_Activity_:
The full listing, excluding its pictures, should be printed exactly as it stands.

_Dataset extract_:

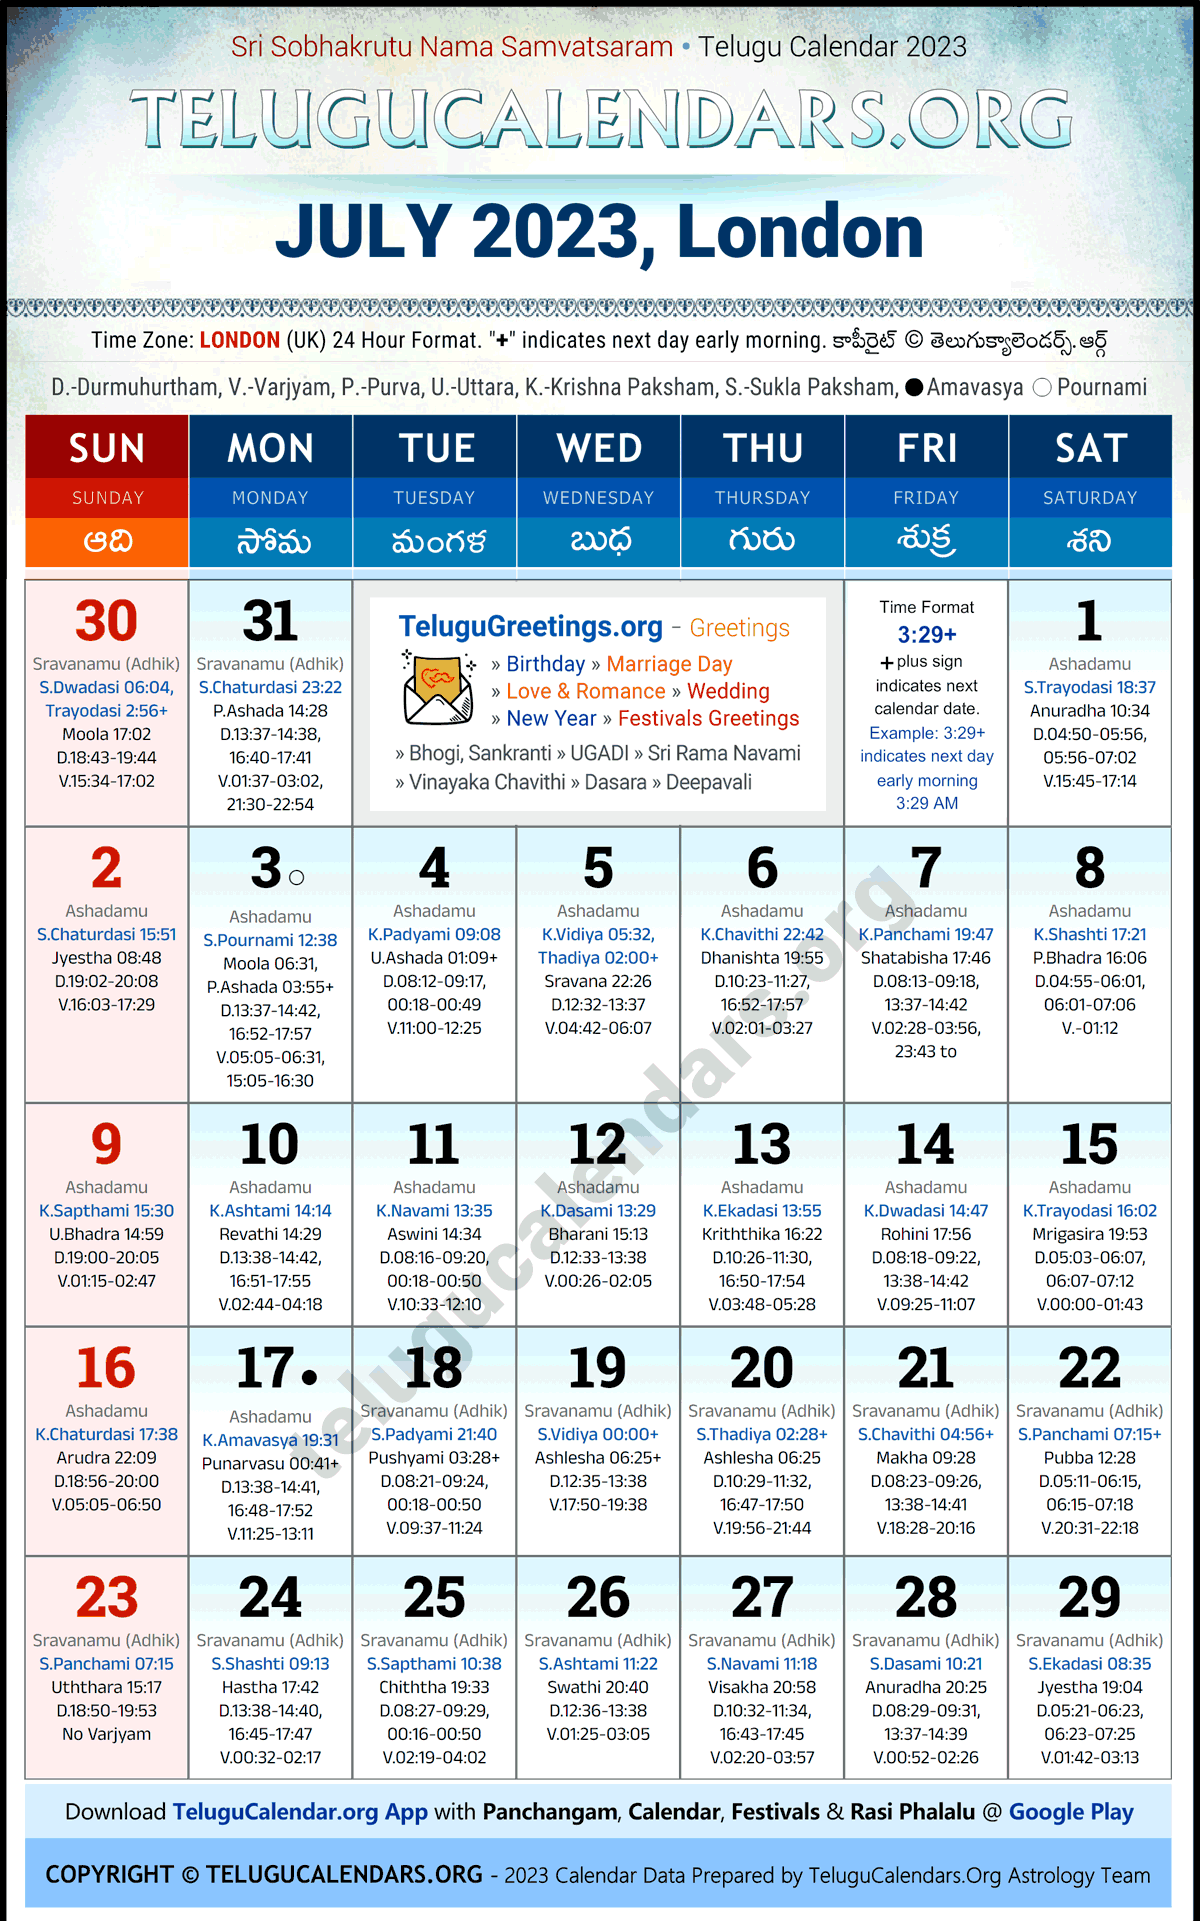 Telugu Calendar 2023 July Festivals for London
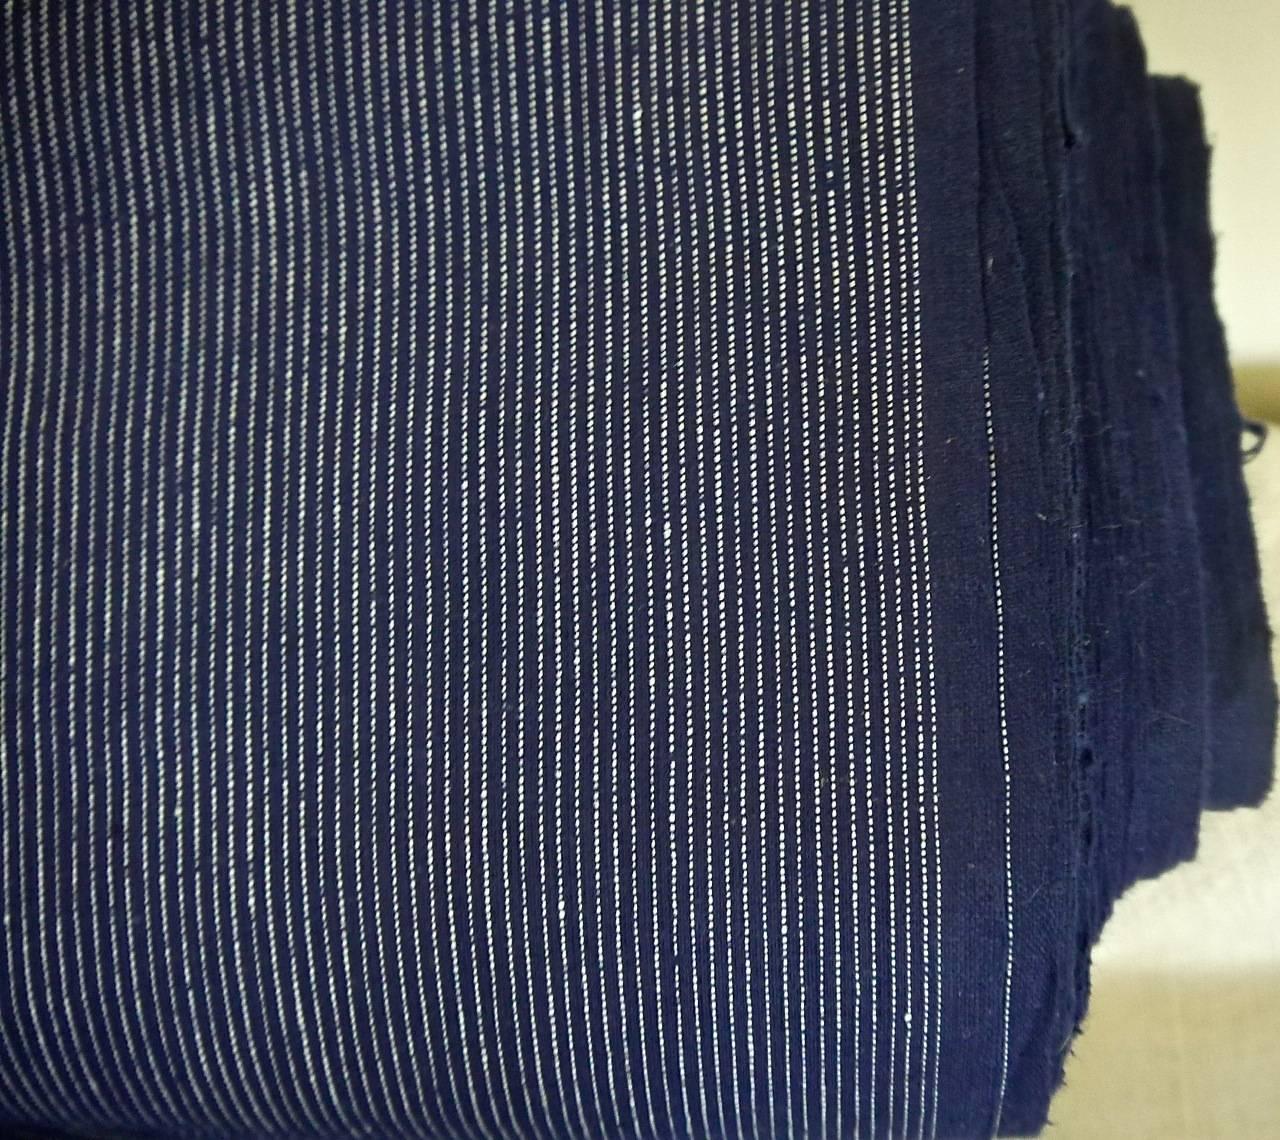 Antique French Roll of Unused Woven Dark Indigo Striped Cotton Cloth 1
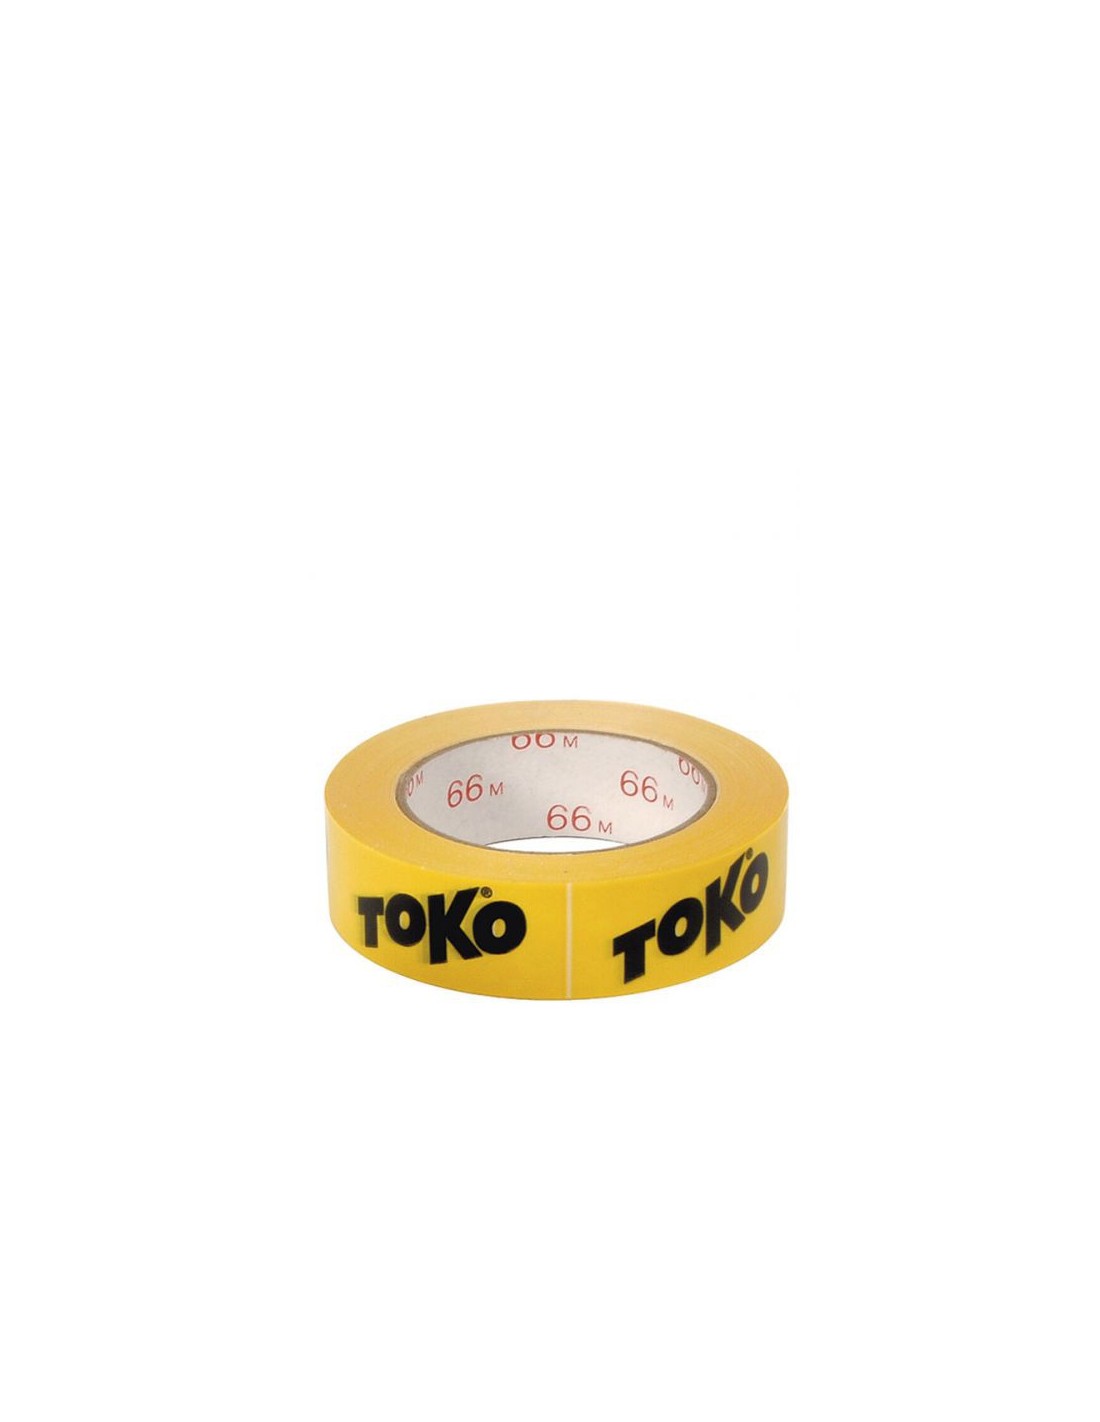 Toko Adhesive Tape von Toko

_Exercise response_:
 Telugu Calendar 2023 July Festivals for London
 Antique French Roll of Unused Woven Dark Indigo Striped Cotton Cloth 1
 Toko Adhesive Tape von Toko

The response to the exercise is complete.